DVD Review: ‘Groundhog Day’ not to be missed on DVD
Friday, March 8, 2002 | 9:21 a.m.
"Groundhog Day" is one of a kind. Other films before and since have explored the notion of a time warp, but few as intelligently as this 1993 comedy. And on DVD (Columbia Tristar Home Video, $24.95), the movie only gets smarter.
If you haven't seen the movie, you should now. It's a deceptively simple tale: Self-centered weatherman Phil Connors (one of Bill Murray's best roles) is forced to live a single day of his life -- Groundhog Day -- over and over again. He is trapped in Punxatawney, Pa., for all time, it seems, and only he realizes that the day is repeating. He retains his memory (and gradually loses it) from one day to the next.
Director Harold Ramis and writer Danny Rubin did something right from the beginning -- they never explained why. Phil doesn't know why either, and over time he stops wondering, as does the audience. He wants to know what you can do if you have no tomorrow, and the audience wants him to find out.
Ramis notes in the commentary track that Phil's experience was based on Elizabeth Kubler Ross' five stages of grief, and we watch Murray skate through them: Denial, Anger, Bargaining, Depression, Acceptance. At first he thinks it's not happening, and steamrolls everyone around him. ("He's as sincerely bad as he is sincerely good," Ramis chuckles.) Then he uses the information he gains over time to commit crimes and seduce women, particularly his producer Rita (Andie MacDowell). Later still, he tries to commit suicide. Oh, and it's a comedy, remember?
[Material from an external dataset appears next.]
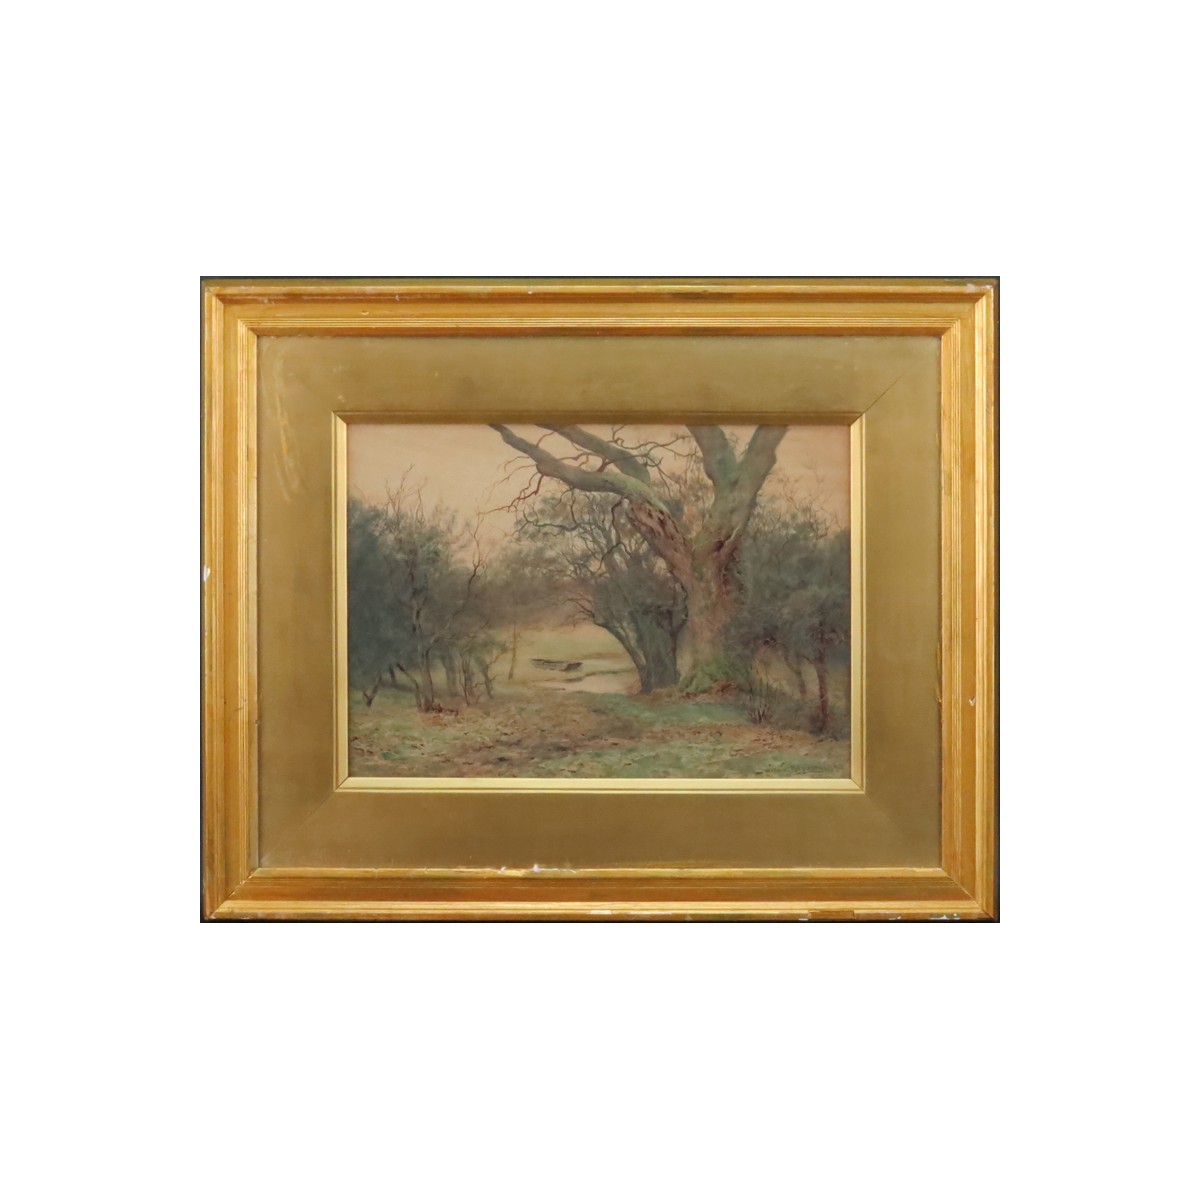 Wilmot Pilsbury, British (1840-1908) Watercolor "T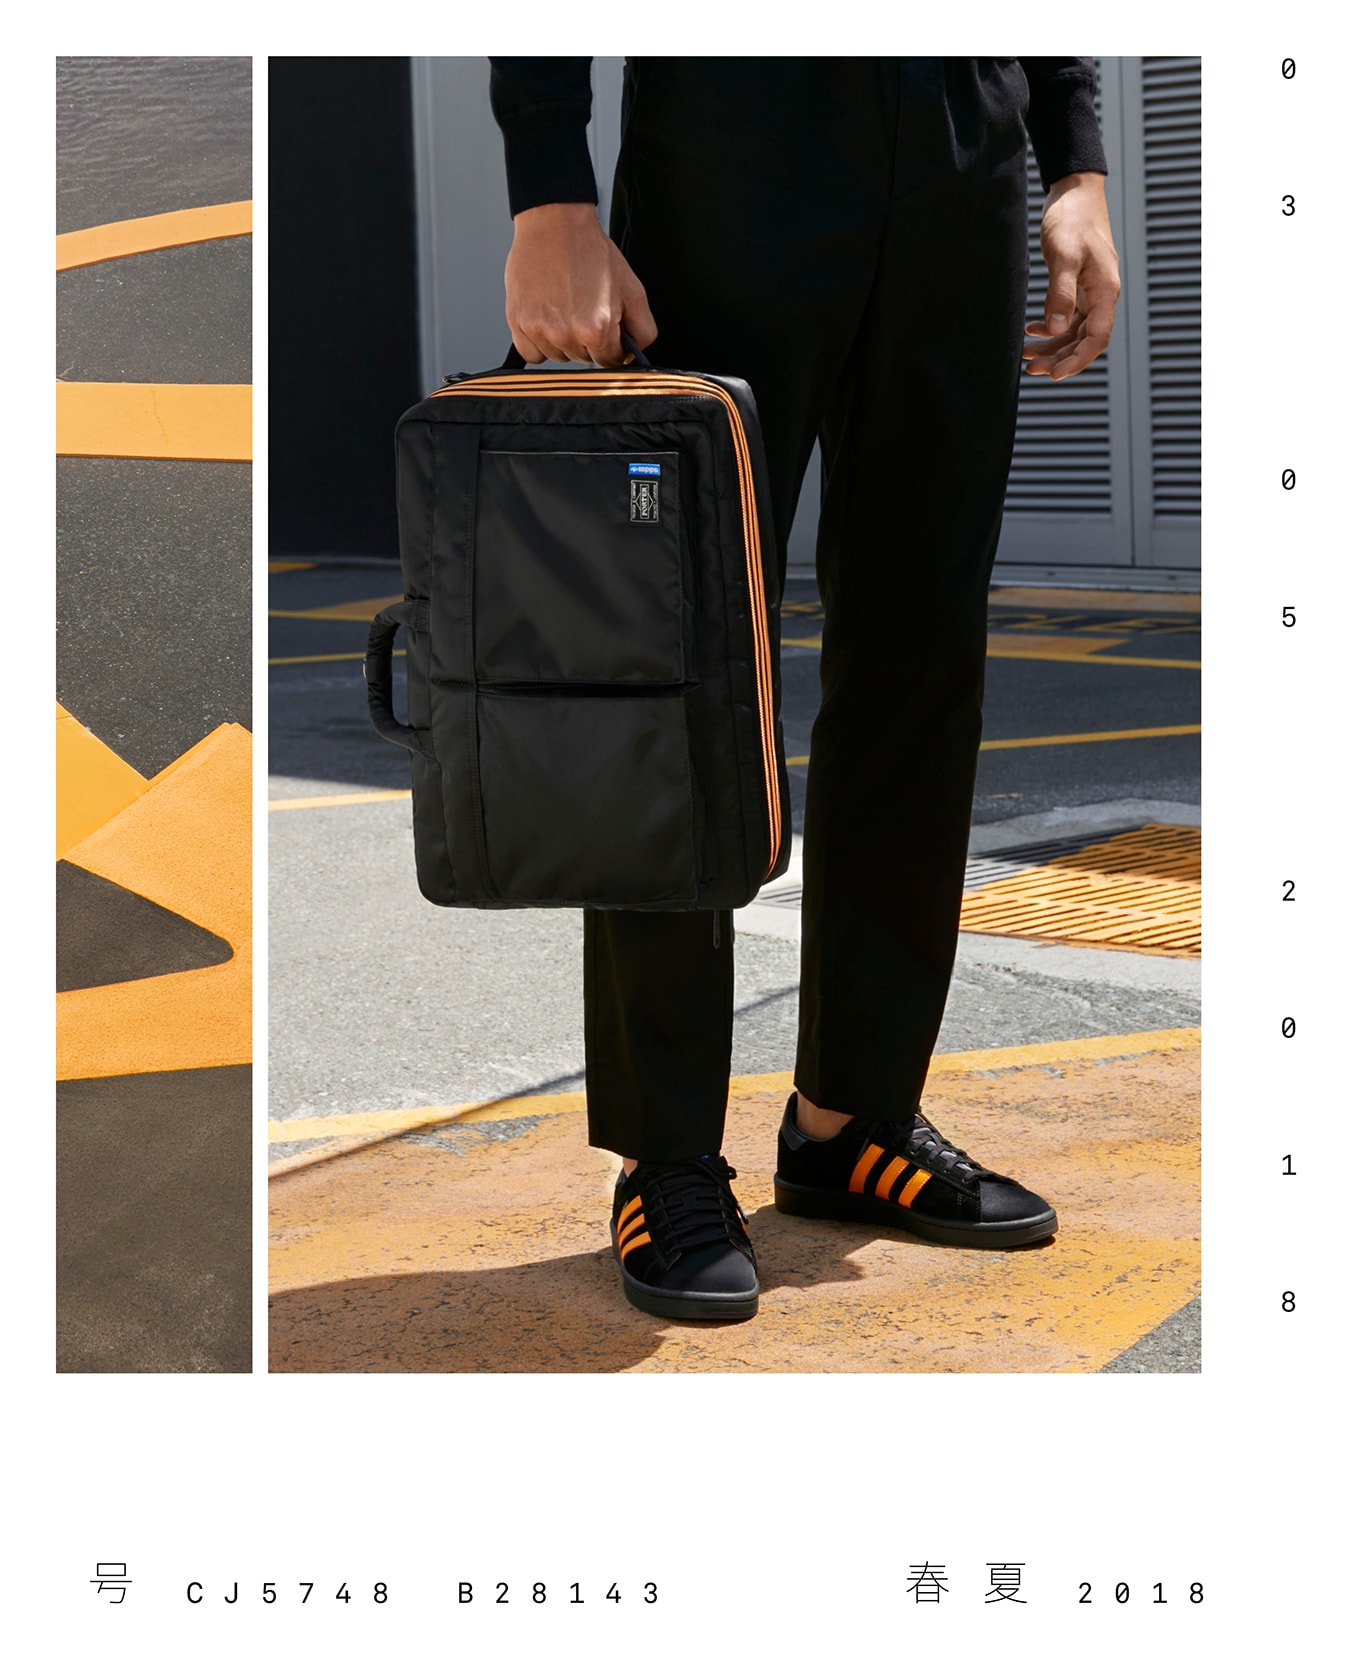 PORTER Yoshida Co adidas Originals Campus Luggage Bags 2-way Boston 3-way Brief Case Release Details Information Black Orange Collaboration Spring/Summer 2018 How to Buy Closer Look

Murray has seldom been funnier. Whether stuffing his face with everything on the menu, consequence-free ("I don't even have to floss"), or playing chicken with a train ("I'm betting he's going to swerve first"), he never hits a false note. He plays Phil at such an even keel that it's easy to believe him when he turns philosophical: "Maybe God isn't omnipotent. Maybe he's just been around for so long that he knows everything."
Compared to the dozens of extras supplied on several recent discs, the single documentary and director's commentary track provided with "Groundhog Day" seem a bit spare, but they're worth the price of the disc. You learn, among other things, that the film was a tremendous hit with Buddhists and was the subject of an essay in a psychiatric journal. You are told how often Murray improvised (very often).
And you get to hear a director get in touch with his emotions, sort of. "I have tears in my eyes now," Ramis says dryly, during an emotional scene. "As I get older I cry at movies more often. I cried at 'X-Men.' "
All told, the DVD of "Groundhog Day" is archive-worthy, even if it doesn't feature an interview with its star. In a way, it doesn't need one. All you need to know about his performance is contained in the performance itself, and with DVD you can watch it over, and over, and over again.